After a default judgment was entered against Otero, who failed to appear, the plaintiff moved pursuant to CPLR 3126 for the imposition of sanctions against the remaining defendants based on spoliation of evidence. The Supreme Court granted the motion to the extent of directing that the plaintiff and the remaining defendants "equally bear" the cost of an expert's fee in the event the plaintiff hires an expert to determine whether the table saw depicted in a certain photograph is the same piece of equipment purchased by Hawk Shaw. The remaining defendants appealed, but Hawk Shaw and Rodriguez have withdrawn their appeals. On their appeal, Geoffrey Porteus and Kristin Porteus (hereinafter together the appellants) contend that the deposition testimony was sufficient to establish that the offending table saw belonged to Otero, and was insufficient to prove that Geoffrey Porteus had the requisite control over that table saw to preserve it. The plaintiff cross-appeals, contending that the remedy fashioned by the Supreme Court was inadequate because it allows Geoffrey Porteus to benefit from his own misconduct by presenting a threshold issue as to ownership of the offending table saw.
"When parties involved in litigation engage in the destruction of evidence, a number of remedial options are provided by existing New York statutory and common law" (Ortega v City of New York, 9 N.Y.3d 69, 76). Even if there were two table saws at the house, Geoffrey Porteus, who received a timely request from the plaintiff's counsel, "had an opportunity to safeguard" the table saw owned by him or Hawk Shaw, "but failed to do so" (id. at 76 n 2; see Amaris v Sharp Elecs. Corp., 304 A.D.2d 457; Thornhill v A.B. Volvo, 304 A.D.2d 651, 652). On appeal, Geoffrey Porteus does not dispute the Supreme Court's conclusion that the order granting the plaintiff's petition for pre-action disclosure included, inter alia, "an order preserving the saw and permitting an inspection thereof." As Geoffrey Porteus failed to preserve that table saw, he significantly impaired the parties' ability to resolve the disputed issue of fact.

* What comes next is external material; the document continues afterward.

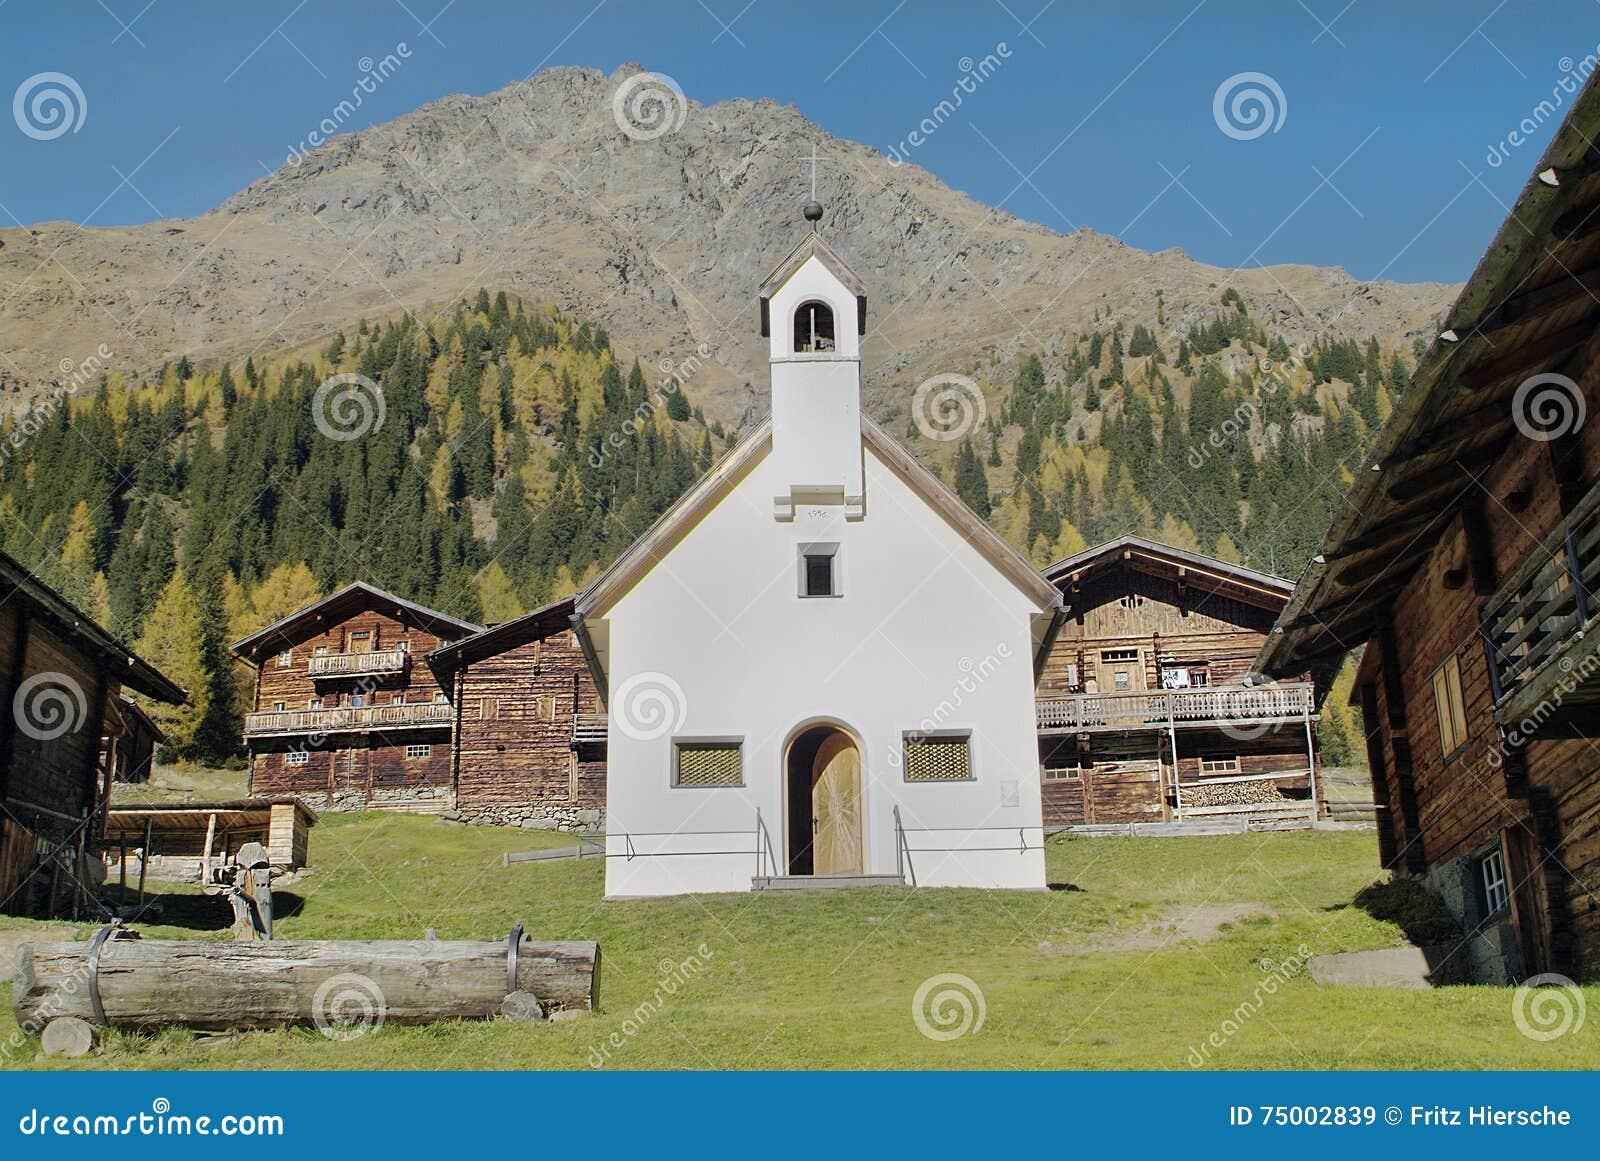 Oostenrijk, Osttirol,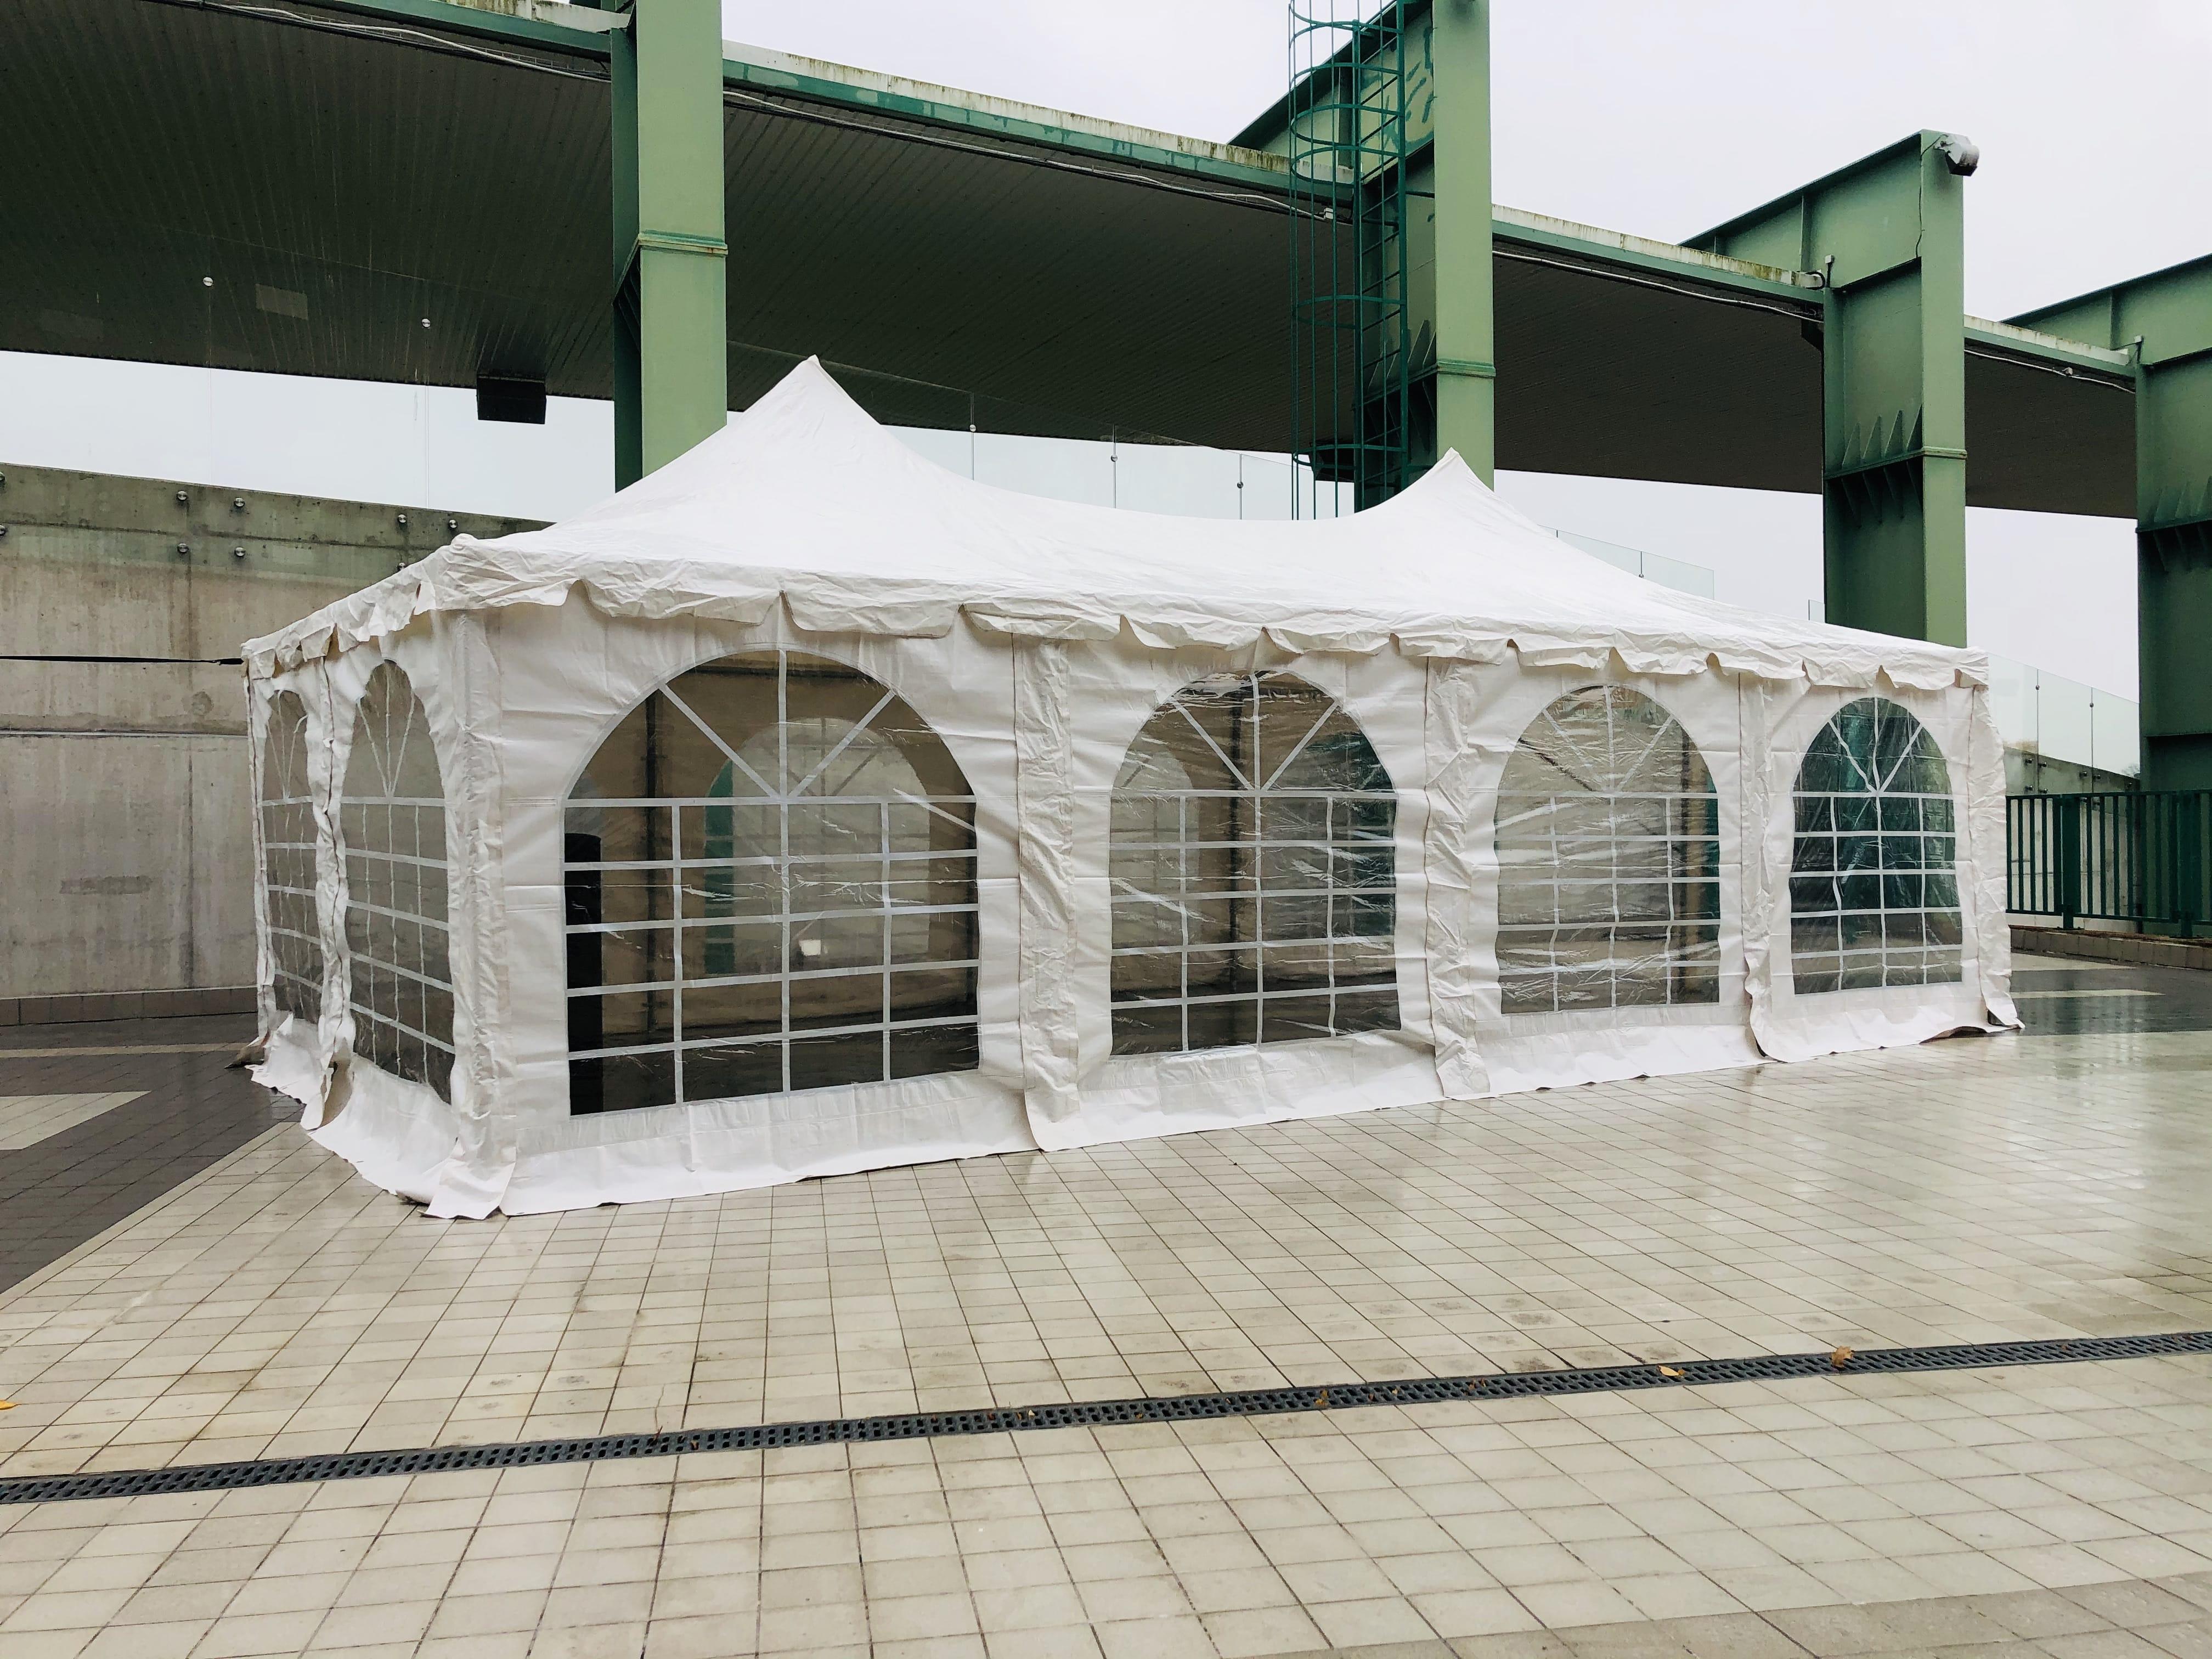 4m x 8m telts noma

The remedy imposed by the court was based on the erroneous finding that the invoice for the purchase of the table saw owned by Hawk Shaw or Geoffrey Porteus identified its make and model, when, in fact, the invoice did not identify its make and model. Therefore, the testimony of an expert who did not see the actual table saw—because it was not available for inspection—would not be helpful. However, contrary to the plaintiff's contention, a sanction in the form of striking the appellants'answer is not appropriate, since the missing evidence does not deprive the plaintiff of the ability to establish a prima facie case with respect to his causes of action (see Molinari v Smith, 39 A.D.3d 607, 608; Kerman v Martin Friedman, C.P.A., P.C., 21 A.D.3d 997, 999). Under the circumstances of this case, the appropriate remedy is for the court to give a negative inference charge at trial against Geoffrey Porteus on the issue of who owned or controlled the table saw used by the plaintiff on the day of the accident (see Gogos v Modell's Sporting Goods, Inc., 87 A.D.3d 248, 250; Ifraimov v Phoenix Indus. Gas, 4 A.D.3d 332, 334).
The parties' remaining contentions are without merit, or need not be addressed in light of our determination.
SKELOS, J.P., ANGIOLILLO, ROMAN and HINDS-RADIX, JJ., concur.